A motion to dismiss under Rule 12(b)(6) tests the complaint's legal and factual sufficiency. See Iqbal, 556 U.S. at 677-80; Twombly, 550 U.S. at 554- 63; Coleman v. Md. Court of Appeals, 626 F.3d 187, 190 (4th Cir. 2010), aff'd, 566 U.S. 30 (2012); Nemet Chevrolet, Ltd. v. Consumeraffairs.com, Inc., 591 F.3d 250, 255 (4th Cir. 2009); Giarratano v. Johnson, 521 F.3d 298, 302 (4th Cir. 2008). To withstand a Rule 12(b)(6) motion, a pleading "must contain sufficient factual matter, accepted as true, to state a claim to relief that is plausible on its face." Iqbal, 556 U.S. at 678 (quotation omitted); see Twombly, 550 U.S. at 570; Giarratano, 521 F.3d at 302. In considering the motion, the court must view the facts and reasonable inferences "in the light most favorable to the [nonmoving party]." Massey v. Ojaniit, 759 F.3d 343, 352 (4th Cir. 2014) (quotation omitted); see Clatterbuck v. City of Charlottesville, 708 F.3d 549, 557 (4th Cir. 2013), abrogated on other grounds by Reed v. Town of Gilbert, 135 S. Ct. 2218 (2015). A court need not accept as true a complaint's legal conclusions, "unwarranted inferences, unreasonable conclusions, or arguments." Giarratano, 521 F.3d at 302 (quotation omitted); see Iqbal, 556 U.S. at 678-79.Rather, a plaintiff's allegations must "nudge[ ] [the] claims," Twombly, 550 U.S. at 570, beyond the realm of "mere possibility" into "plausibility." Iqbal, 556 U.S. at 678-79.
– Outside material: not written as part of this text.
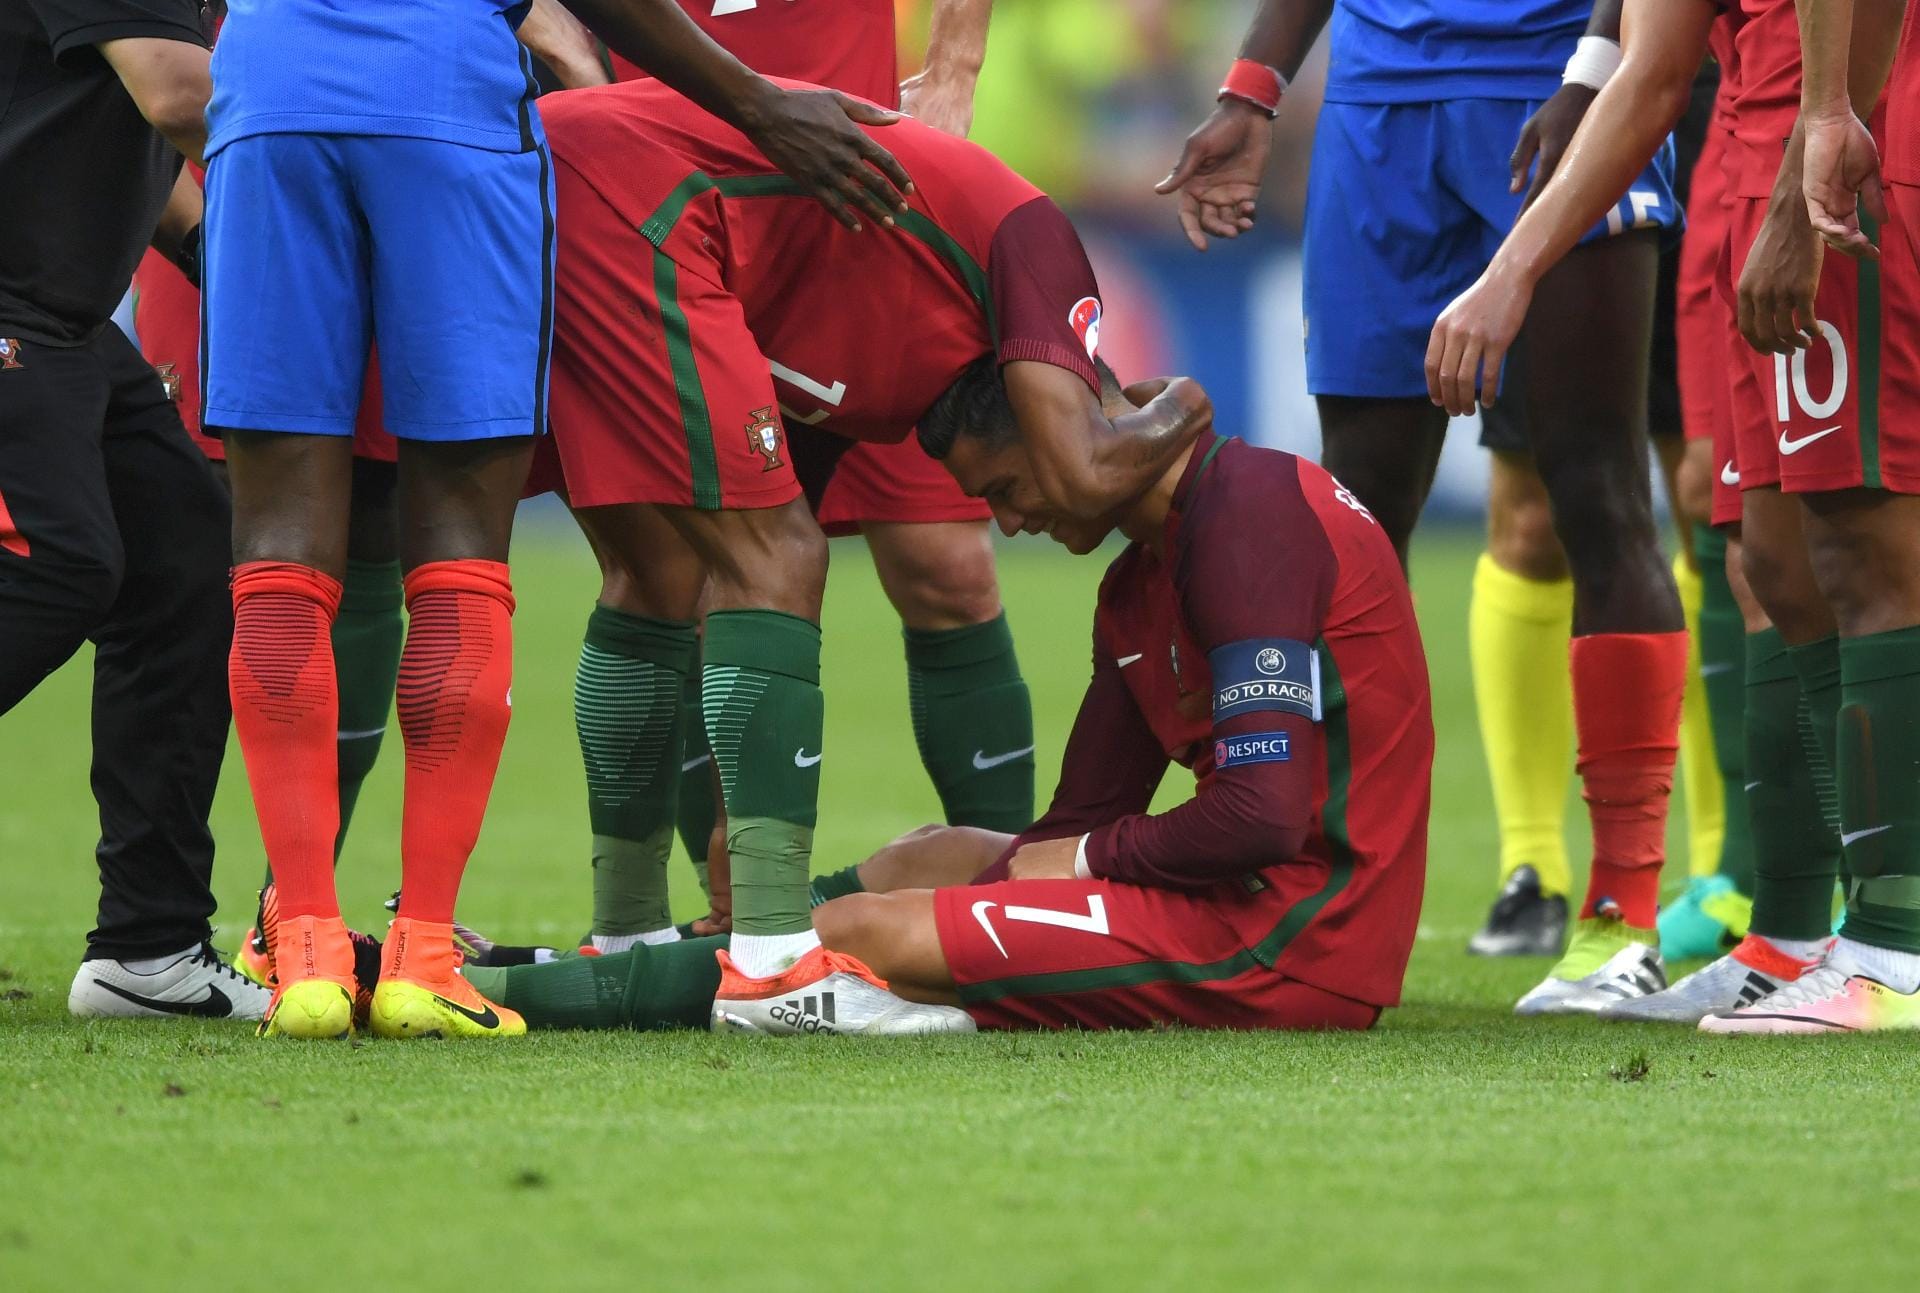 Die Partie hat nach der Abtastphase kaum richtig begonnen, erlebt Portugal einen extrem herben Dämpfer: Dimitri Payet haut Ronaldo von den Socken, der Weltfußballer von 2013 und 2014 bleibt verletzt liegen.

When evaluating a motion to dismiss, a court considers the pleadings and any materials "attached or incorporated into the complaint" E.I. du Pont de Nemours & Co. v. Kolon Indus., Inc., 637 F.3d 435, 448 (4th Cir. 2011); see Fed. R. Civ. P. 10(c); Goines v. Valley Cmty. Servs. Bd., 822 F.3d 159, 165-66 (4th Cir. 2016); Thompson v. Greene, 427 F.3d 263, 268 (4th Cir. 2005). A court also may consider a document submitted by a moving party if it is "integral to the complaint and there is no dispute about the document's authenticity" without converting the motion into one for summary judgment. Goines, 822 F.3d at 166. Additionally, a court may take judicial notice of public records. See, e.g., Fed. R. Evid. 201; Tellabs, Inc. v. Makor Issues & Rights, Ltd., 551 U.S. 308, 322 (2007); Philips v. Pitt Cty. Mem'l Hosp., 572 F.3d 176, 180 (4th Cir. 2009).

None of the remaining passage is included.